Great. I think we have time for one more question from Darrin Peller at Wolfe Research. Please, Darrin. Darrin, are you there? No? All right. Well, we'll go to Ken Suchoski then from Autonomous Research. Ken, are you there?
Hey, Steve. Thanks for squeezing me in again. I think Jay mentioned in his presentation that the net interchange rate might change as the volume mix between travel and corporate payments changes. I just wanted to dig into that mix a bit. When we add the standalone WEX travel volume in 2019 to the eNett and Optal volume during that period, we get to around, call it, low $50 billion in travel volume pre-COVID. I was just wondering if you could talk about when you expect that travel volume to return to those 2019 levels of, you know, low $50 billion in volume. I believe the OTA partners, if I'm not mistaken, receive more rebates as they push more volume to WEX.
Do you expect the travel take rate to decline from where it is today as that volume rebounds? Just trying to get a better handle on the moving parts there.
Great. I can go ahead and take a first shot at this. Thanks for the question, Ken. I think we all wish we knew when travel will rebound the way that it looked like in 2019. Let's just start there. You know, we hope that we're in the tail end of the pandemic, but none of us have a crystal ball as to how it will turn out. I would say our model, as I mentioned before, is highly exposed to cross-border travel. It's a business we really like. We are confident that it will rebound here at some point. It probably will not rebound, you know, in 2022. I hope it rebounds, you know, by the mid-2020s. I also mentioned, you know, we have this great privilege of serving just the top OTAs in the world.
We'll continue to serve them at scale. As they increase through their pricing tables, there may be some degradation in the keep rate. That being said, you know, we've talked about this multiple times in the past couple of quarters and through today's session. We have really geared this business to drive not only revenue, but drive margin. You know, we expect to return back to the pre-pandemic operating margin levels here sometime in the near to mid-term, you know, as we see that volume recover.
Well, excellent. That's all the time we have for Q&A right now. I'm gonna turn it over to Melissa for some, just some brief closing comments.

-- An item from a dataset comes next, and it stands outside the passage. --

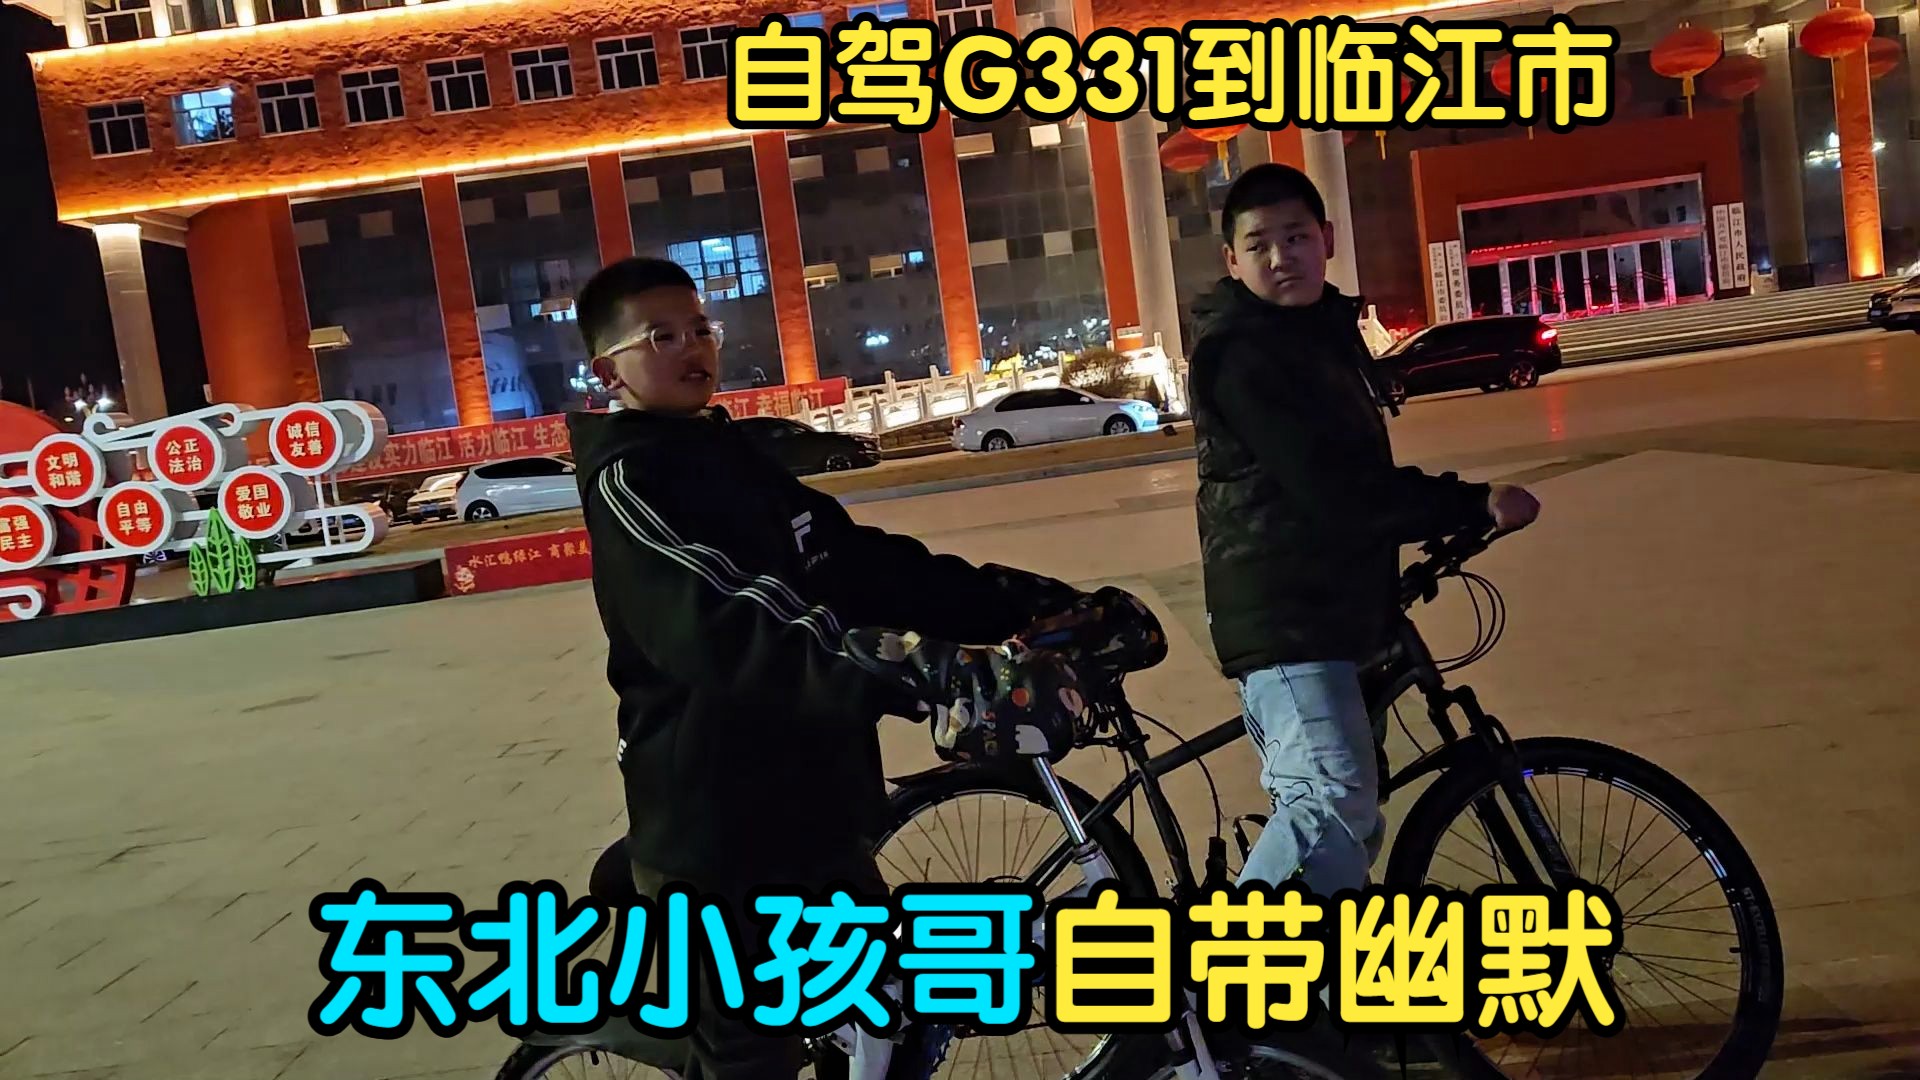 自驾国道331到达临江市，拍夜景遇东北小孩哥真逗，无人机炸机了

Sure. Well, thank you. Thank you so much for joining us this morning. As you heard today, we're very proud of what we've accomplished. As I said, just really proud. I think that the future for WEX is incredibly bright. I am so privileged to be here today with this amazing team of talented people. We together are confident about our ability to succeed in the future. It's really based on a few foundational items. You know, first, we're in this very large growing markets. We've got a history of performance in those markets. We've got leadership positions in the industries that we serve, and that's a place that we just gonna build upon. We've got a recurring, highly profitable, highly cash generative model.

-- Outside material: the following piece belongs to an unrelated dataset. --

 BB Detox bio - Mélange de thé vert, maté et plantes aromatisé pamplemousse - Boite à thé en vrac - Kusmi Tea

80% of our revenue right now is recurring in nature, and that's a place that we're just gonna continue to build upon. Everything that we do, we've built with the idea of a network effect. As we add product functionality, and Karen was talking about this just with Flume, but like, as we add incremental product, we're doing that in a way that's shareable across the base. There's a network effect that comes from the more than 600,000 customers that we have, and as we continue to build product into that customer set, there's just more that we can offer. All of that's delivered with the amazing people that work at WEX that are highly focused on our customers each and every day. I am incredibly excited about the future.
I'm very grateful for the fact that you spent this time with us today, and I look forward to speaking with you again very soon.